The trouble is, I’ve ended up spending three days in a car which everyone loves to hate. In order to dissuade me from being too nice about it, my friends have used Facebook to set up a £10-per-compliment fines system, payable next time I see them in the pub.

A tricky call when the car in question is the MINI Countryman.

It’s one of a trio of jacked-up, off-roader-esque diesel hatchbacks (or ‘crossovers’ in automotive marketing speak) I’ve had the privilege to try out lately, with my weekend in the most massive MINI of them all coming after stints in Honda’s latest CR-V and Volkswagen’s Tiguan. It’s probably worth tackling the rather bloated, retro elephant in the room first; the MINI is, to my mind at least, the ugliest of the three.

I didn’t like the styling when I roadtested it forThe Champion three years ago and it still doesn’t look great now – it’s not that it’s a ridiculously oversized retro pastiche of the original Mini, but that, compared to the Honda and VW it just seems a bit blobby and ill defined. Perhaps as a conscious result of how it looks, the boot is also noticeably smaller than most of its rivals too.

Sadly, I don’t get a tenner back for every time I’m critical of the Countryman, so a few callous comments about its styling aren’t going to help me. Annoyingly, there are quite a few things the Countryman has in its favour.

The interior, for instance, is far more imaginative than anything else in its class, and if you’ve spent a lifetime on the M6 being bored by the relentless sea of grey trim and unassuming buttons in most modern motors then you’ll love the MINI’s rocker switches, lashings of chrome and the silly, pizza dish-sized speedo.

It’s also quiet at speed, rides superbly, is more than roomy enough for you and four of your average-sized chums, and it comes with the same feeling of sturdiness you’d expect from a car masterminded by BMW.
What you might not be expecting – and I definitely wasn’t until I ventured off the motorway and onto the quiet country lanes criss-crossing Cheshire – is that the MINI Cooper D Countryman handles and steers so much better than any of its chief rivals.
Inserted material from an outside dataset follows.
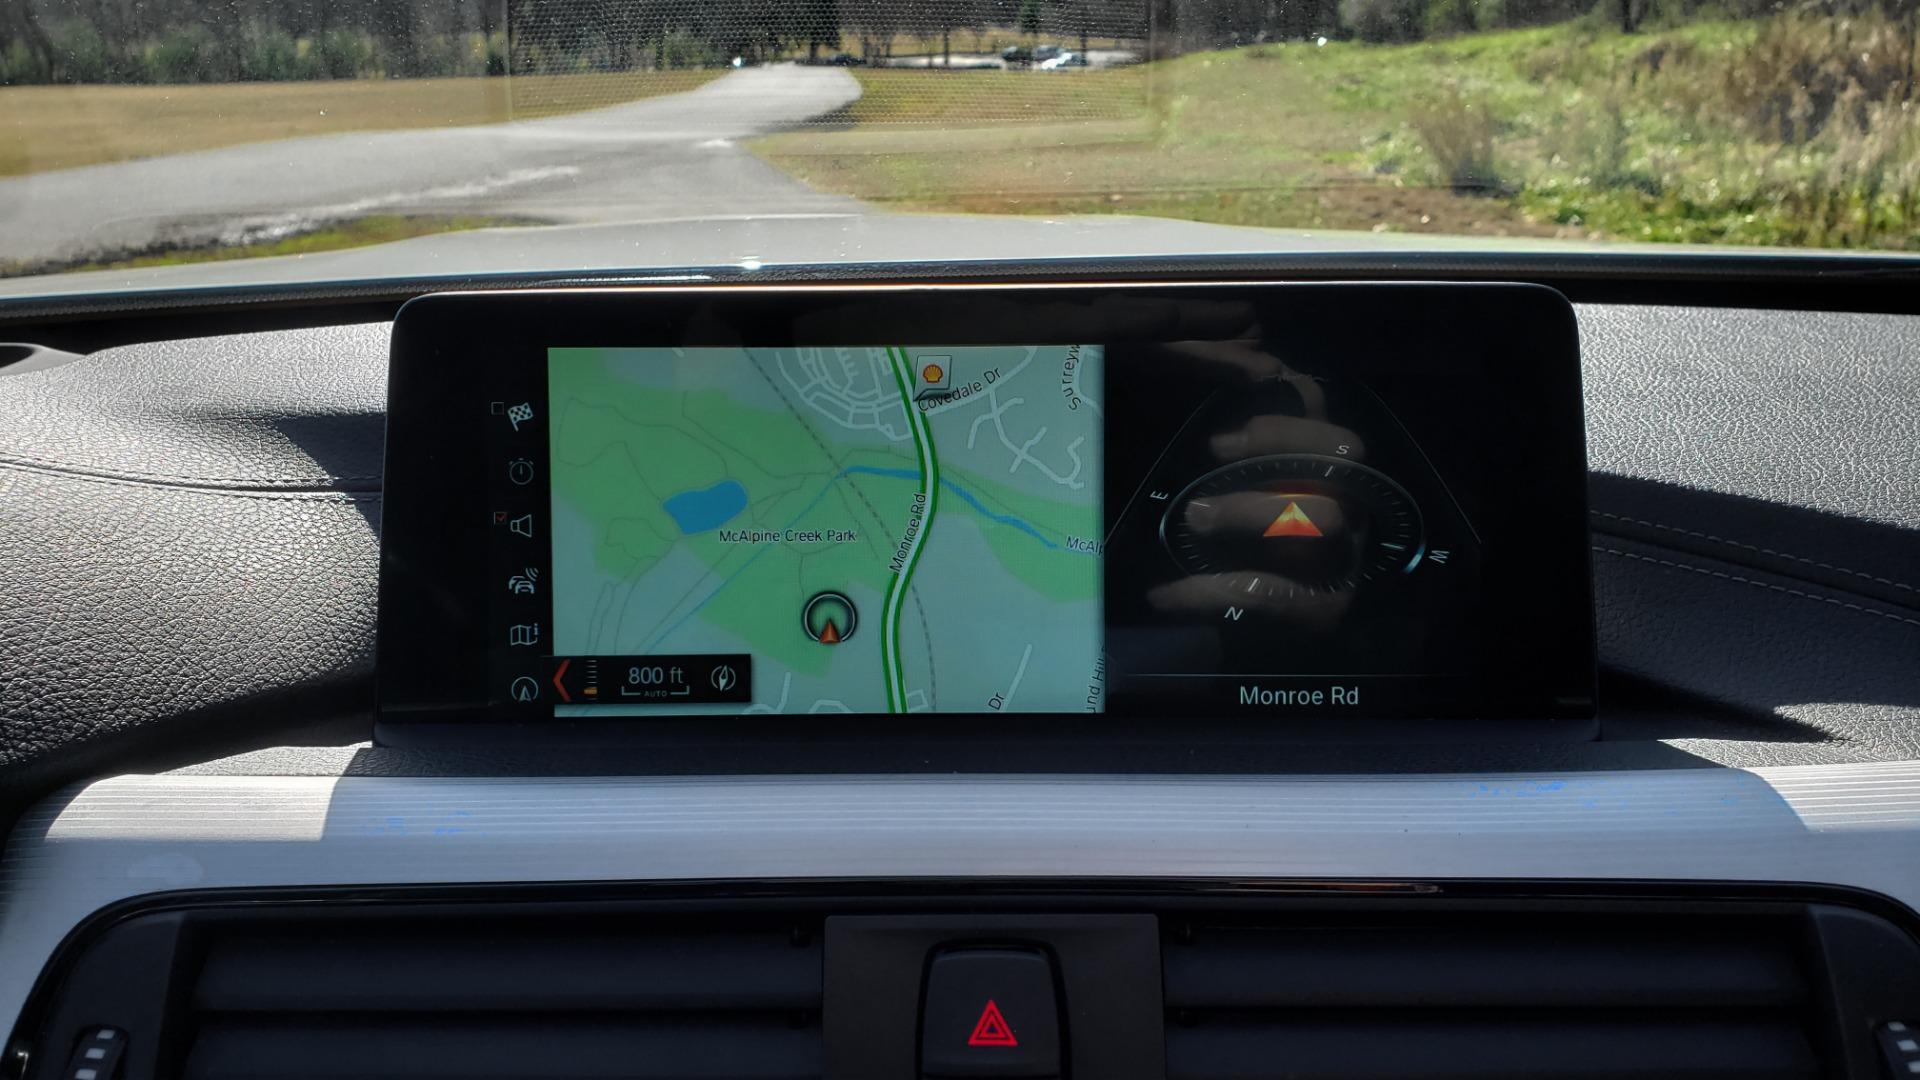 Used 2018 BMW M4 COMP PKG / EXEC / M-DRIVER / PARK CNTRL / ACTIVE BLIND SPOT for sale Sold at Formula Imports in Charlotte NC 28227 48

There is, I begrudgingly admit, a faint whiff of Nineties hot hatch about the way it chews up corners, and a confidence-inspiring finesse to the steering I genuinely wasn’t expecting.

Given twenty grand it’s not the crossover I’d go for – that’d still be the Skoda Yeti – but the Countryman is far better than my mates give it credit for.

Mates who, by my reckoning, I now owe roughly £80. Oops.